**Exercise**:
Without the pictures, copy all of the data exactly.

**Dataset extract**:
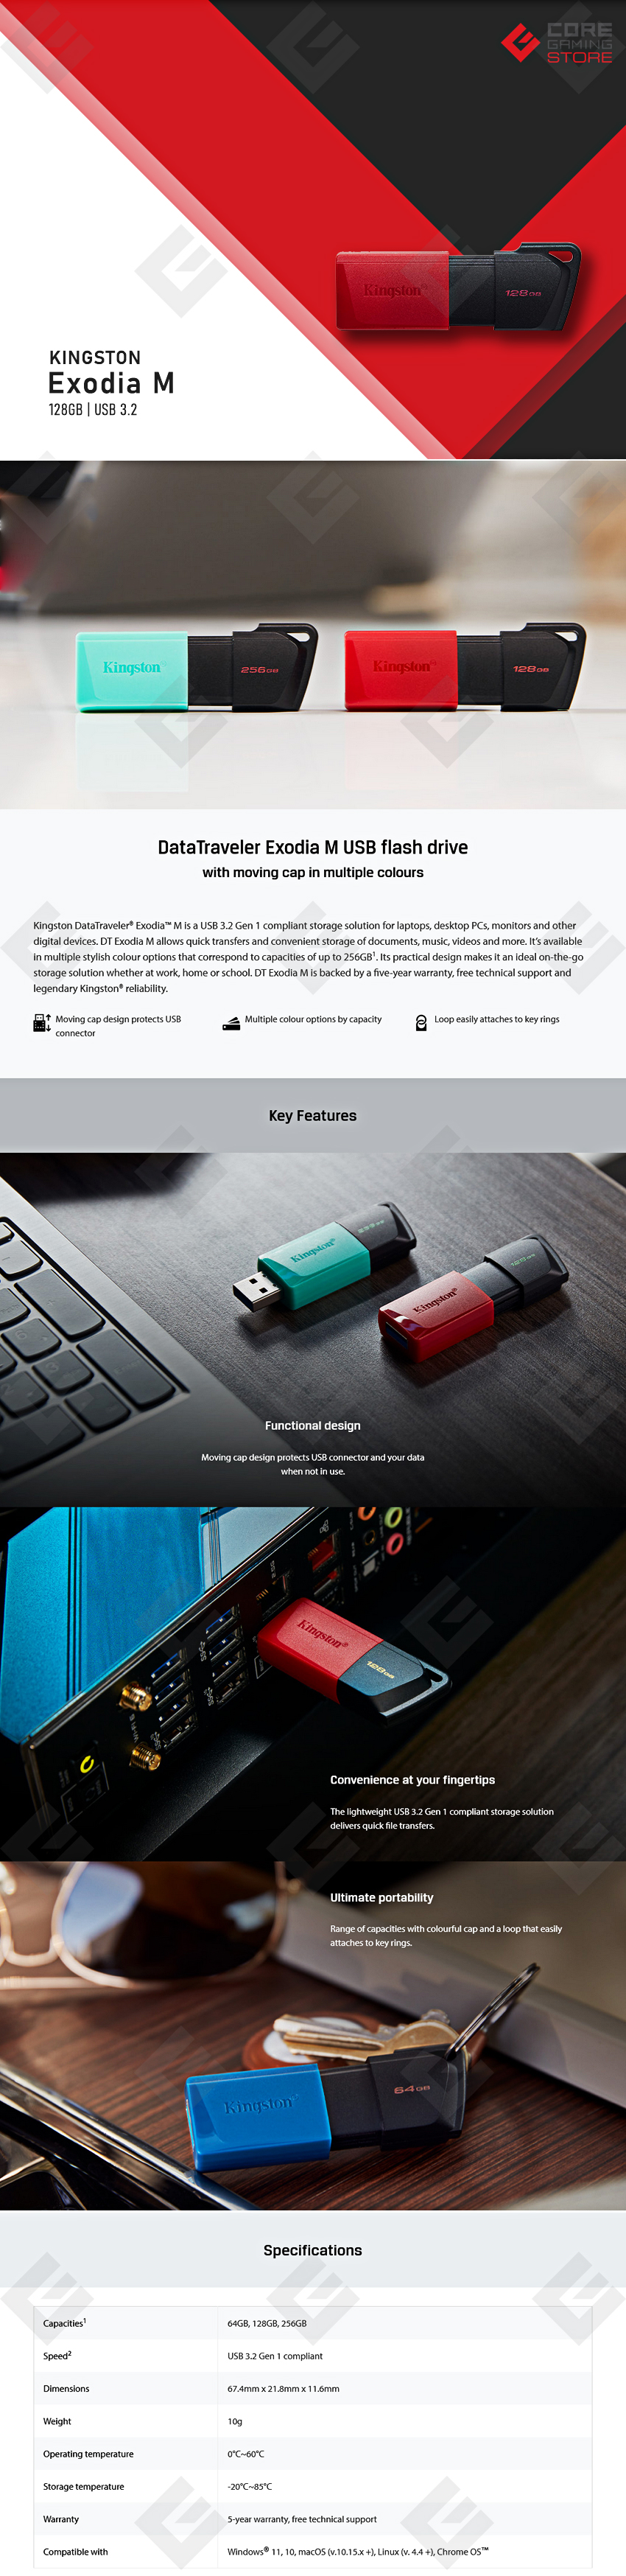 Memoria USB Kingston DataTraveler Exodia M 128GB, Negra con Rojo, USB 3.2 - DTXM-128GB
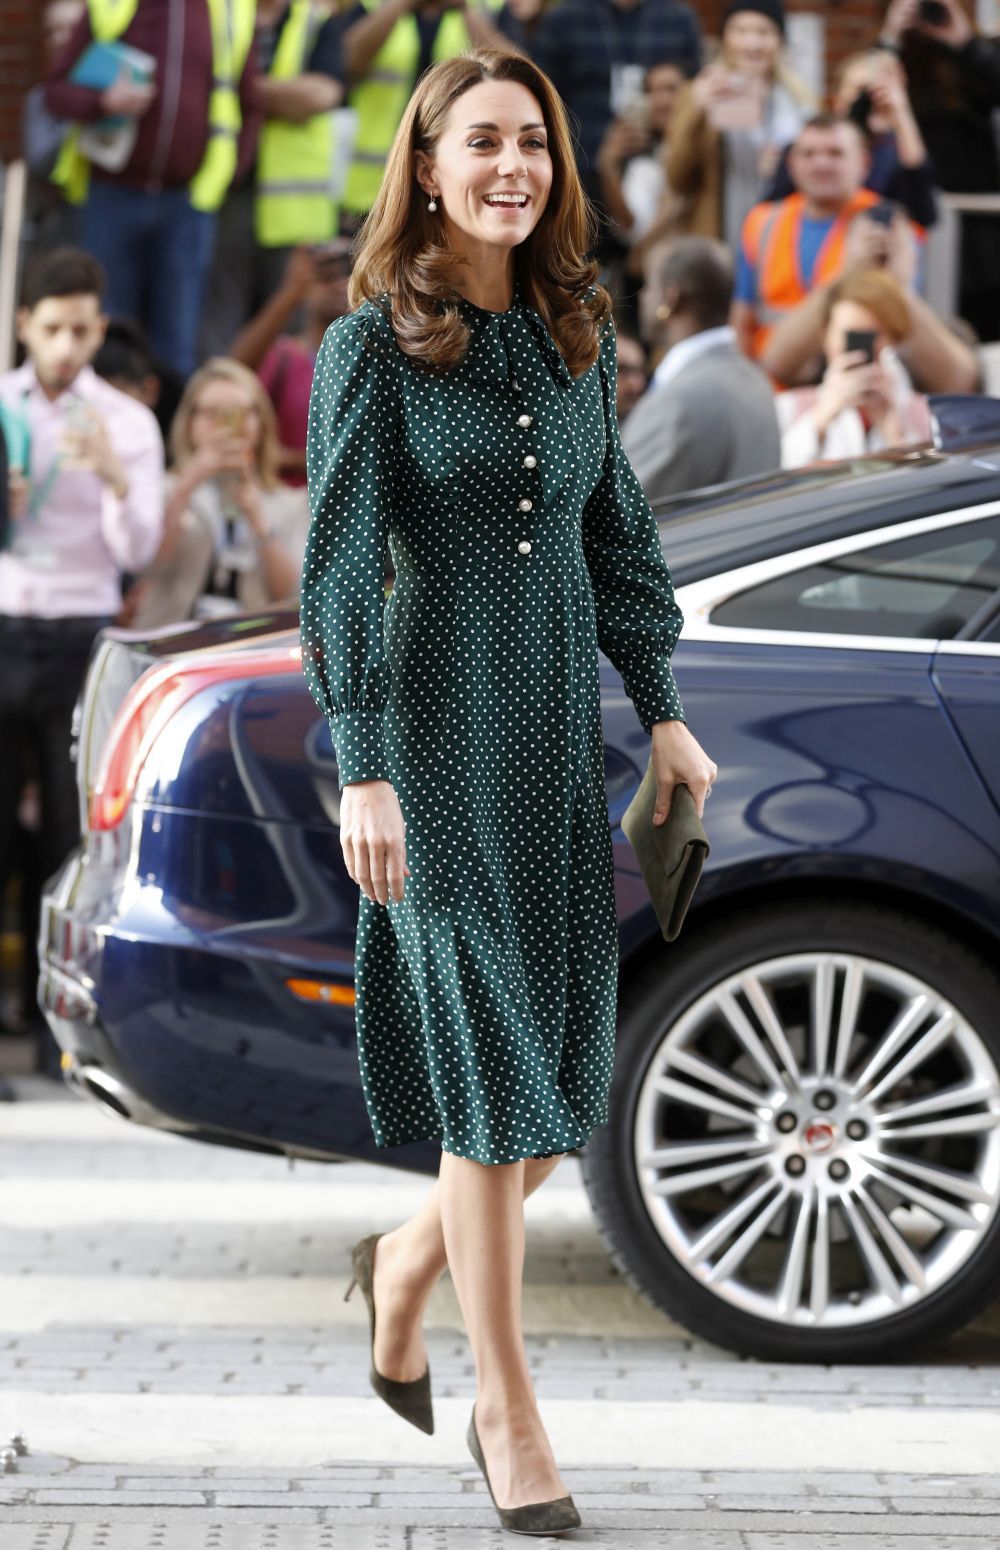 La Duquesa de Cambridge en una de sus últimas apariciones públicas, ¿quién diría que ha pasado por tres embarazos?
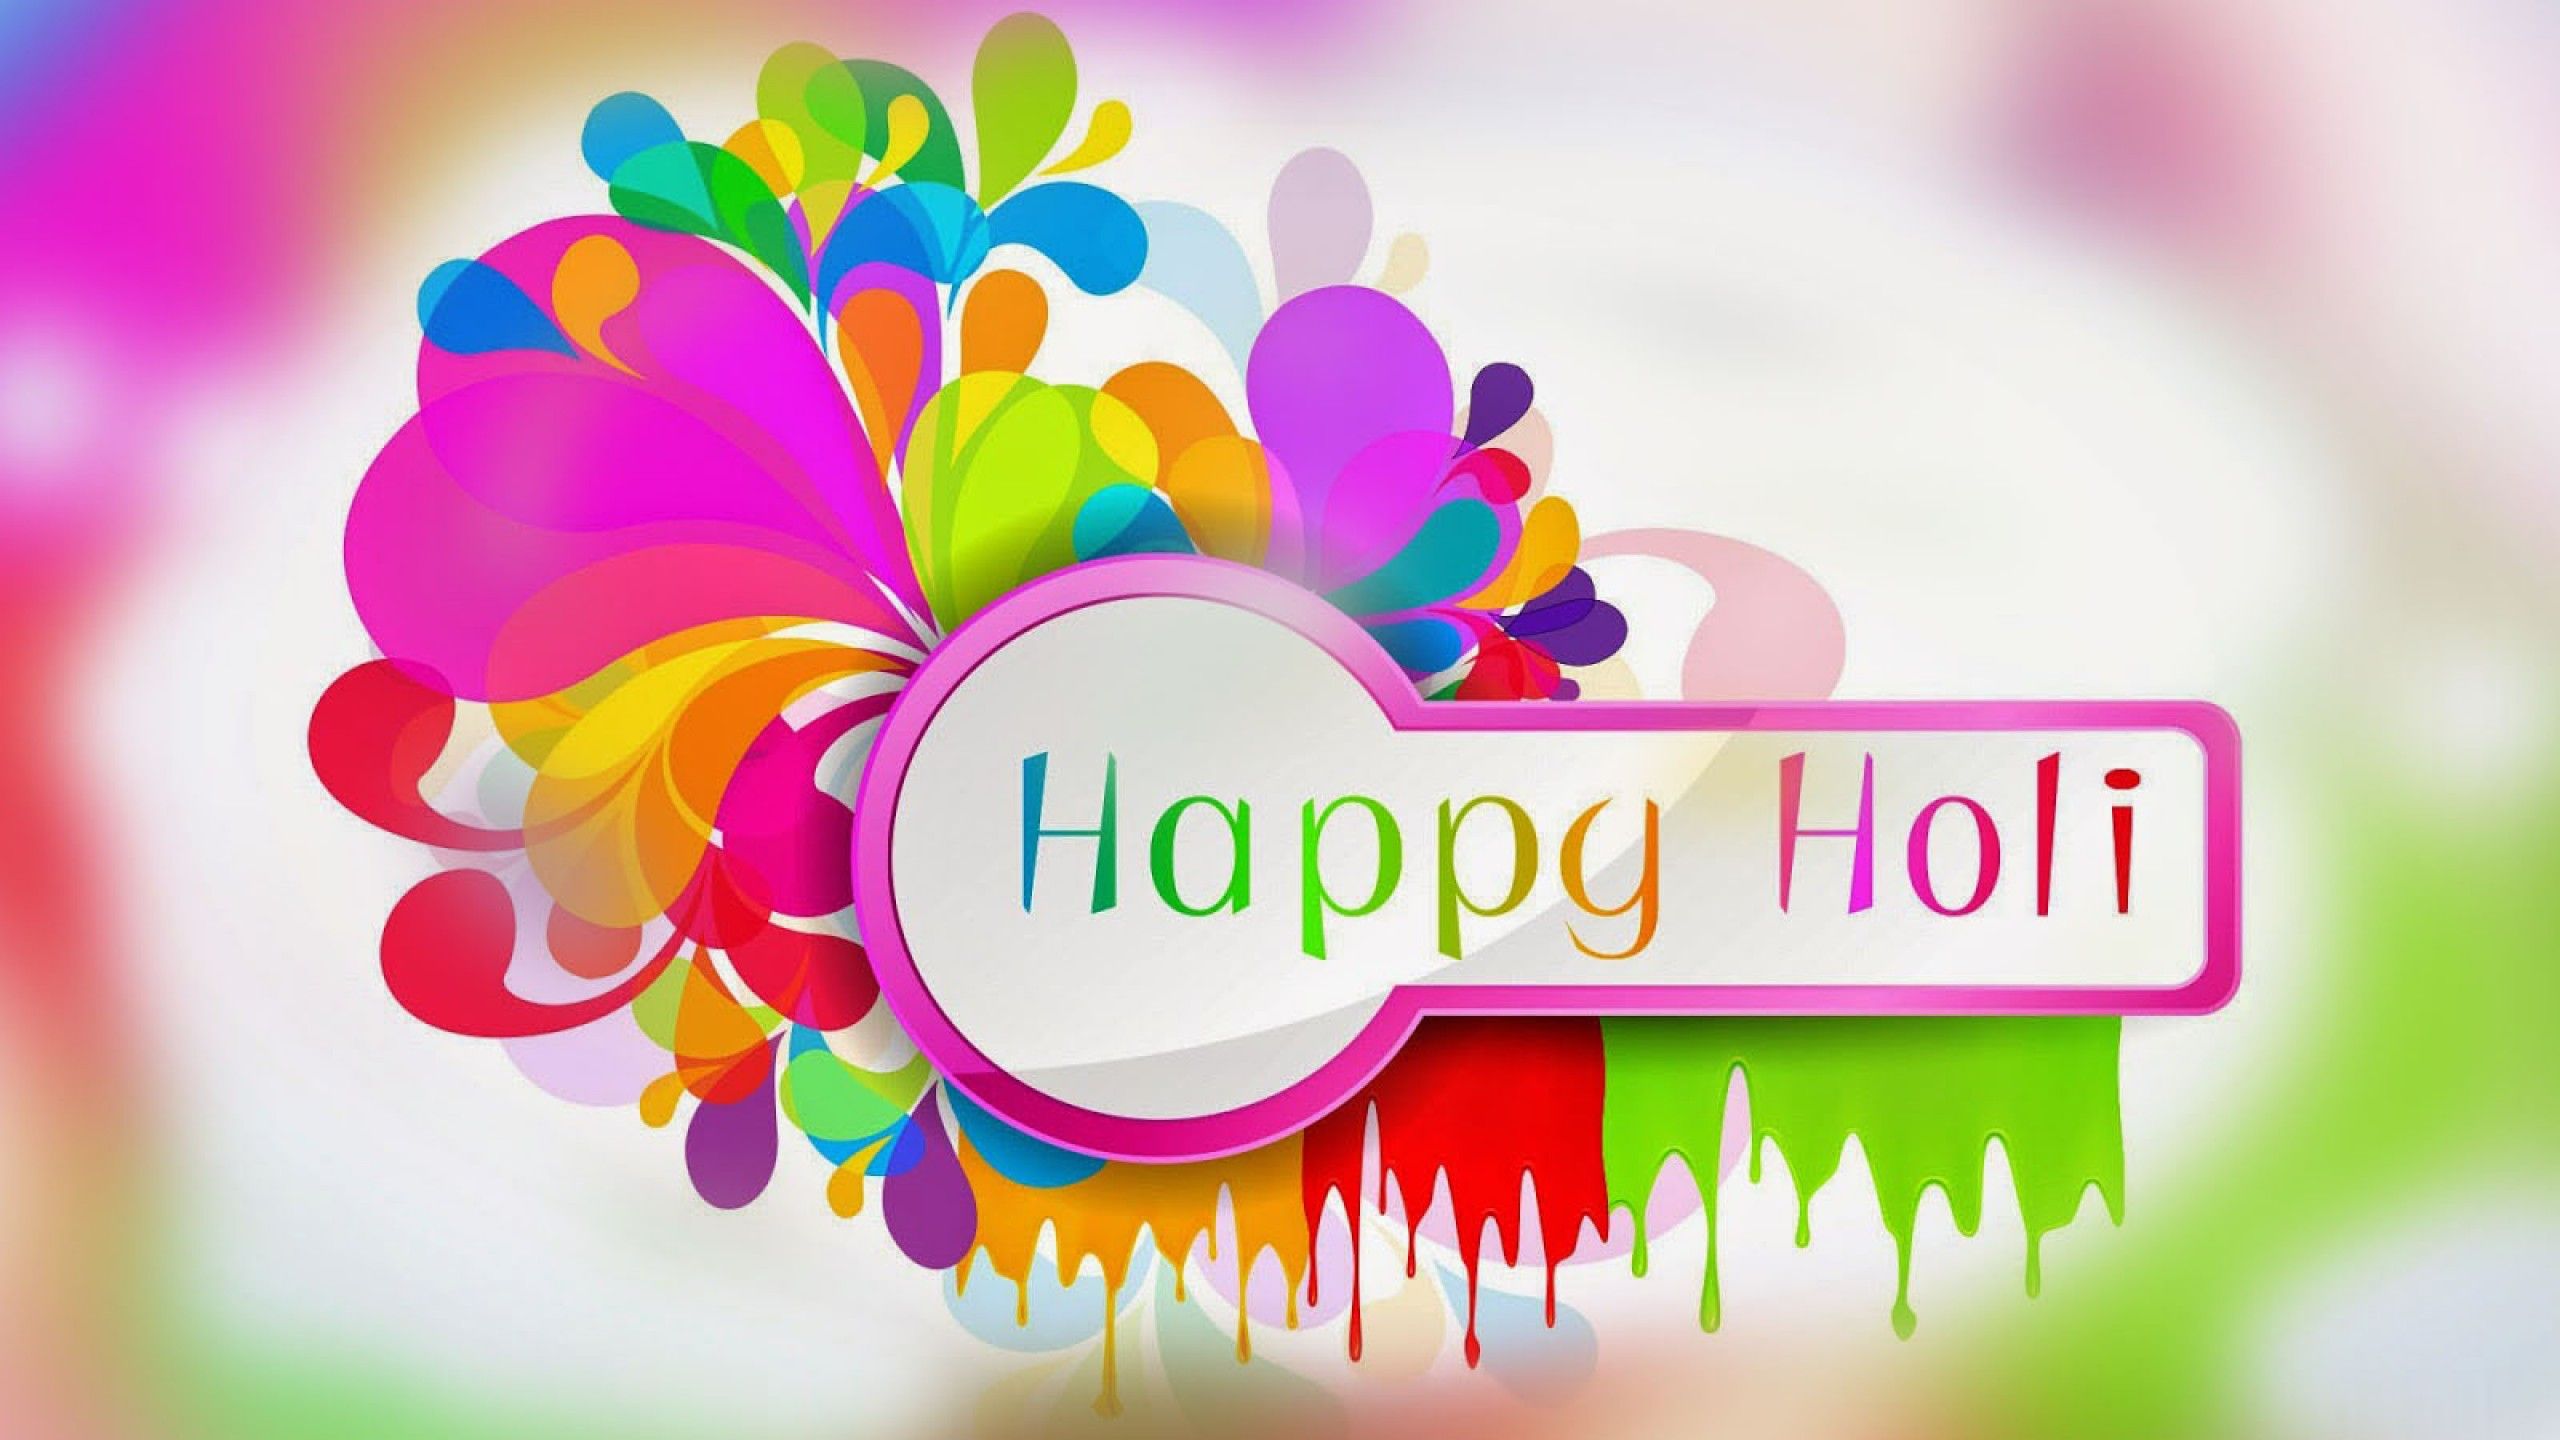 Happy Holi 2018 multi color holi festival wallpaper HD photo

**Finished task**:
 Memoria USB Kingston DataTraveler Exodia M 128GB, Negra con Rojo, USB 3.2 - DTXM-128GB
 La Duquesa de Cambridge en una de sus últimas apariciones públicas, ¿quién diría que ha pasado por tres embarazos?
 Happy Holi 2018 multi color holi festival wallpaper HD photo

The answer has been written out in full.